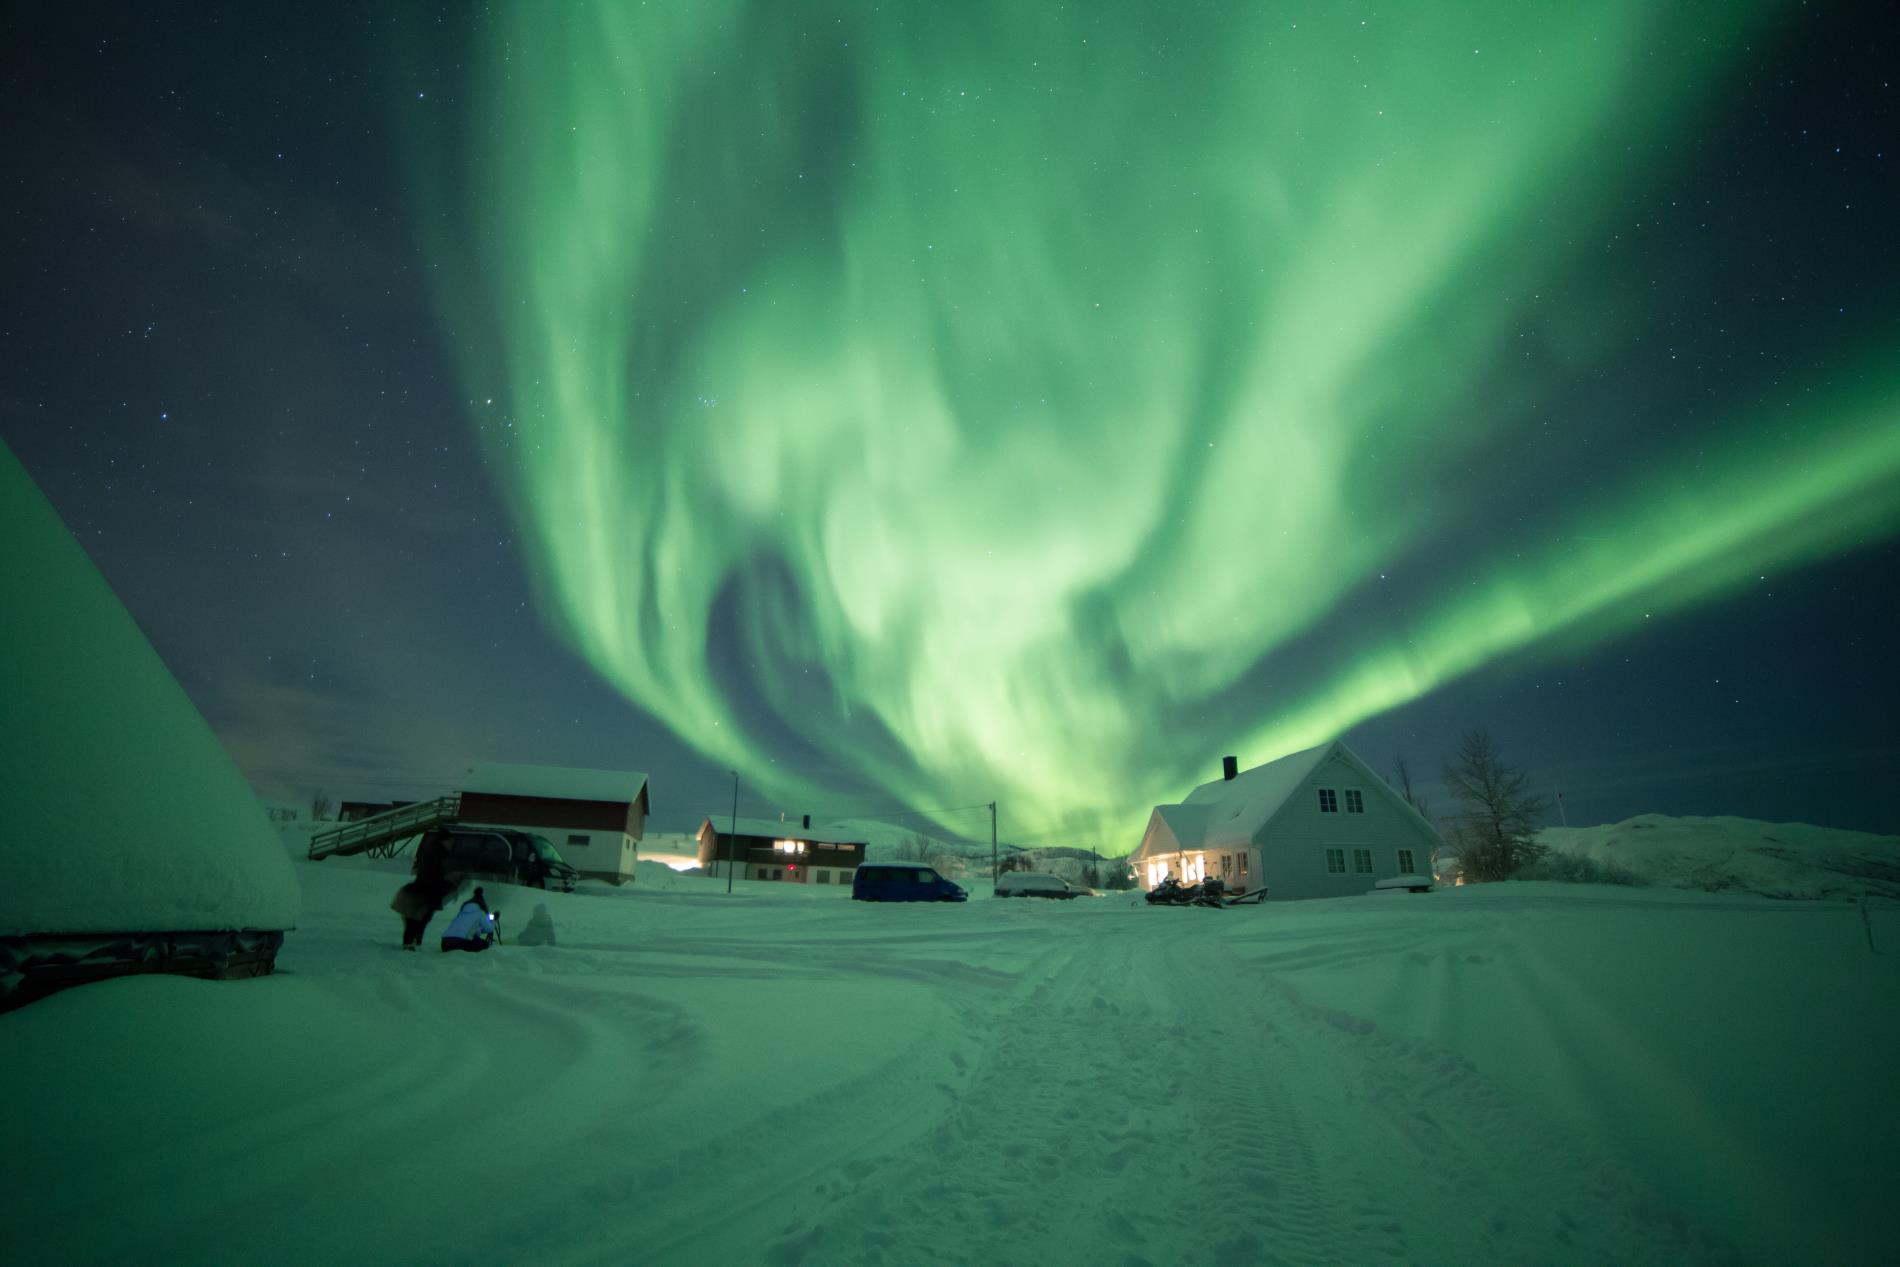 Caccia all’Aurora Boreale e avventure nell’ Artico. 29/1 - 01/02/2020
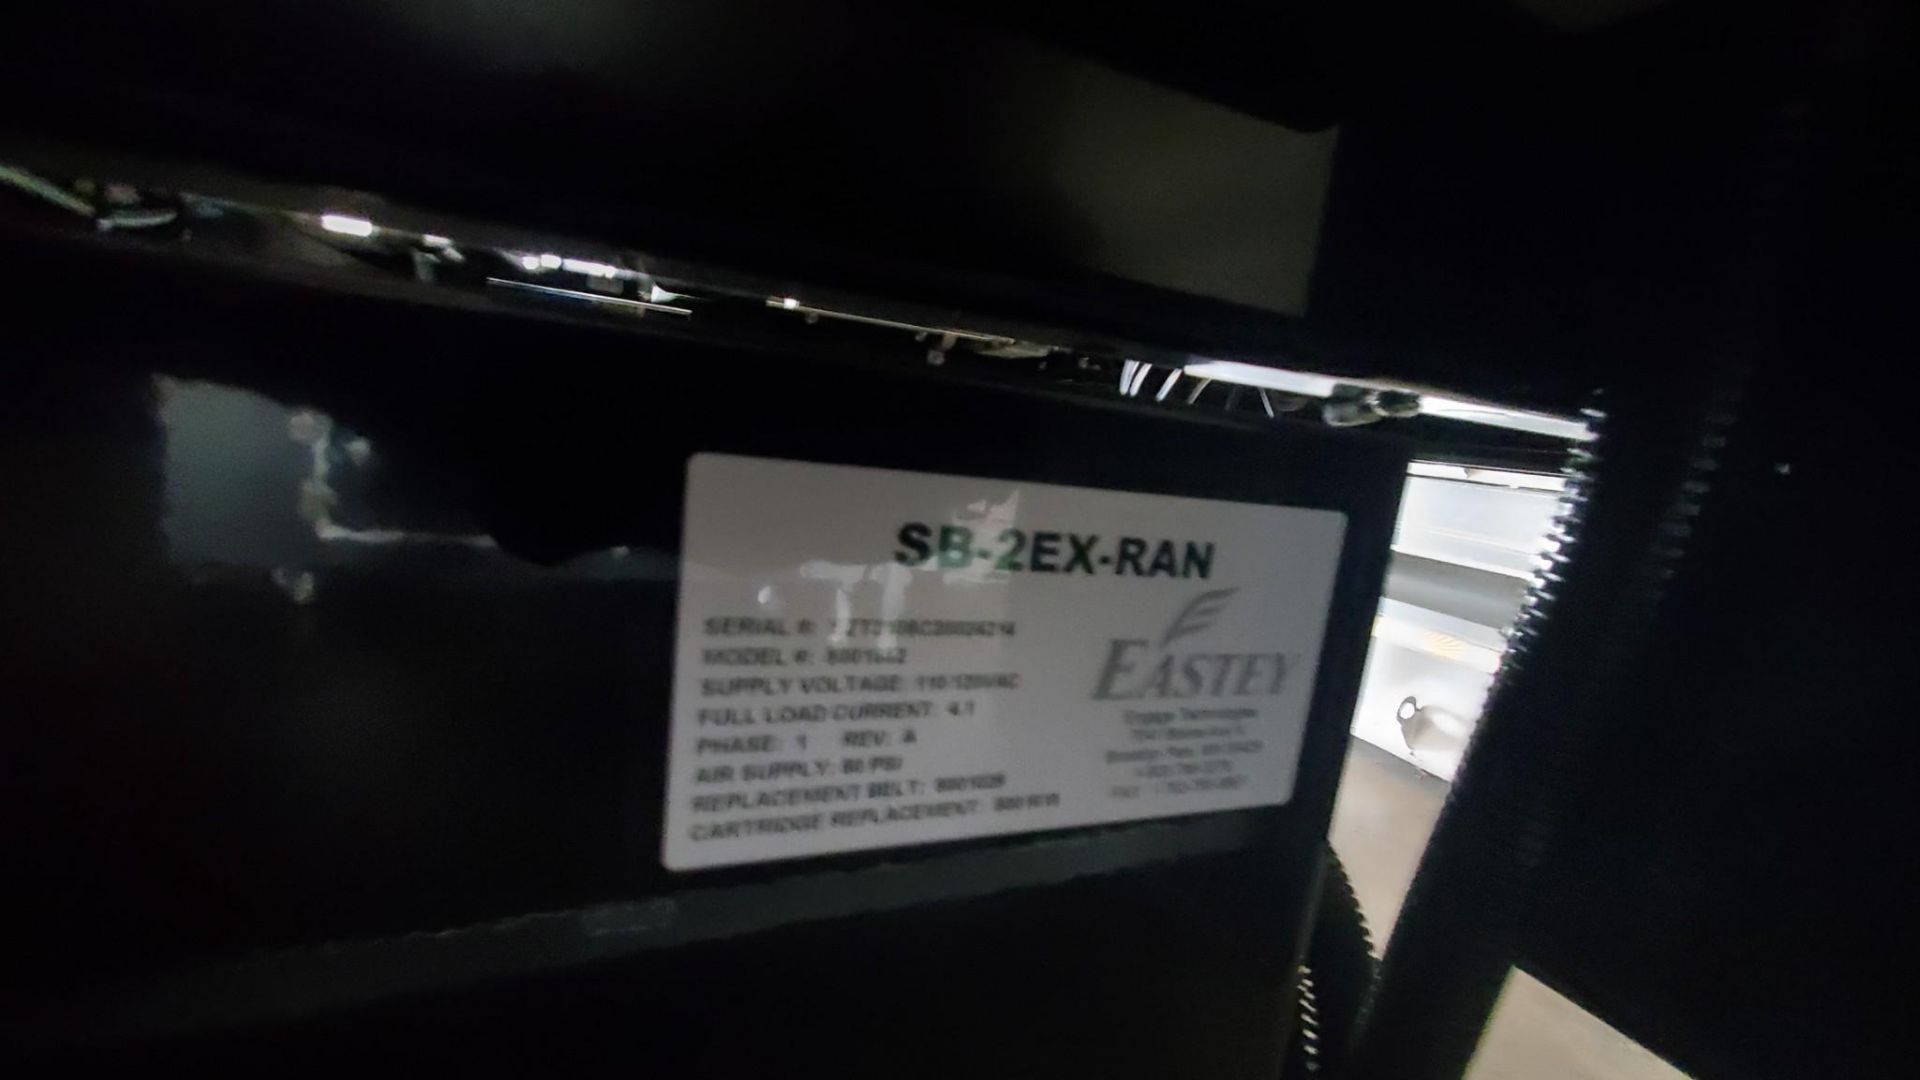 EASTEY SB-2EX-RANDOM SIDE BELT CASE TAPER, 2021 - Image 4 of 7
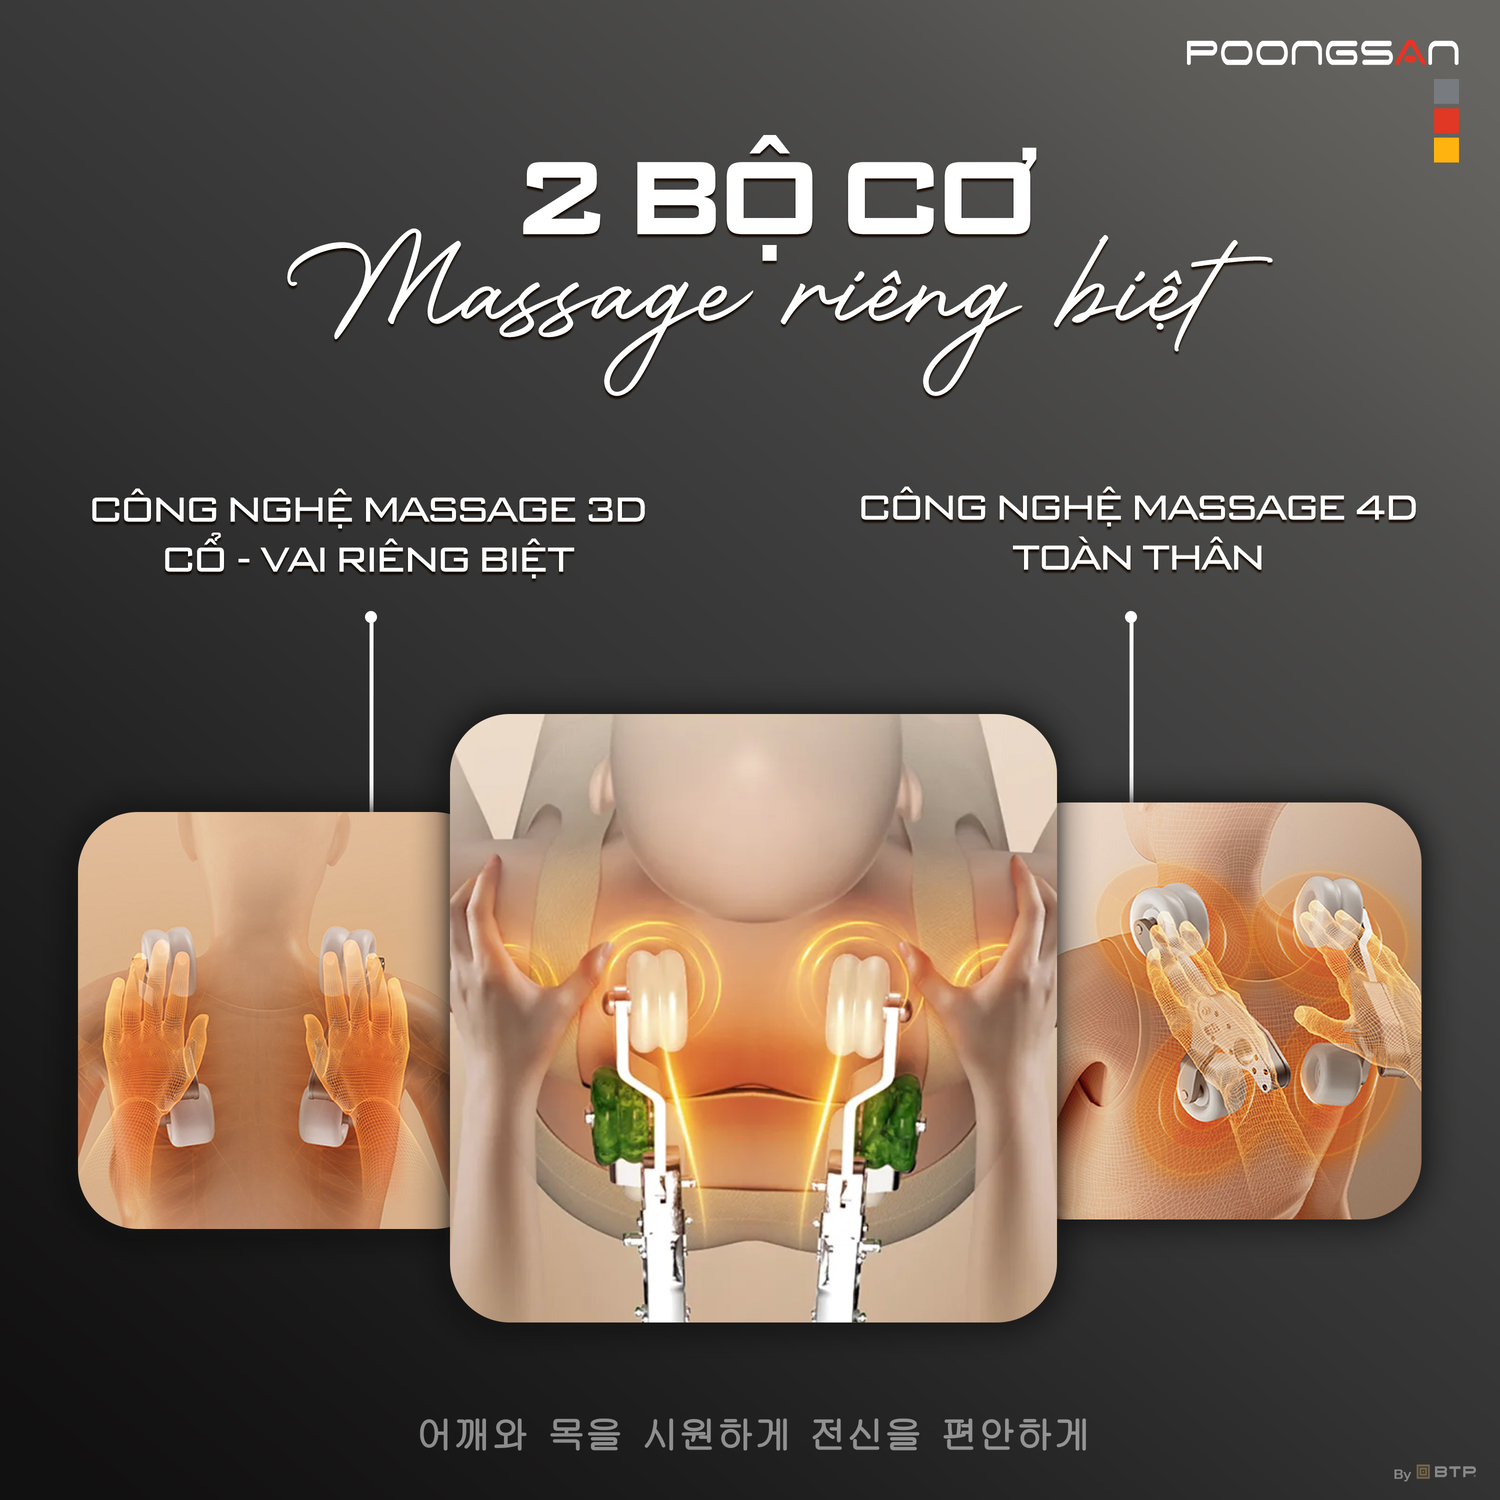 Poongsan MCP-906 sở hữu 2 bộ cơ massage riêng biệt

*Your instructions*: Retype all the data exactly, please, without pictures.

*Final answer*:
 Caccia all’Aurora Boreale e avventure nell’ Artico. 29/1 - 01/02/2020
 EASTEY SB-2EX-RANDOM SIDE BELT CASE TAPER, 2021 - Image 4 of 7
 Poongsan MCP-906 sở hữu 2 bộ cơ massage riêng biệt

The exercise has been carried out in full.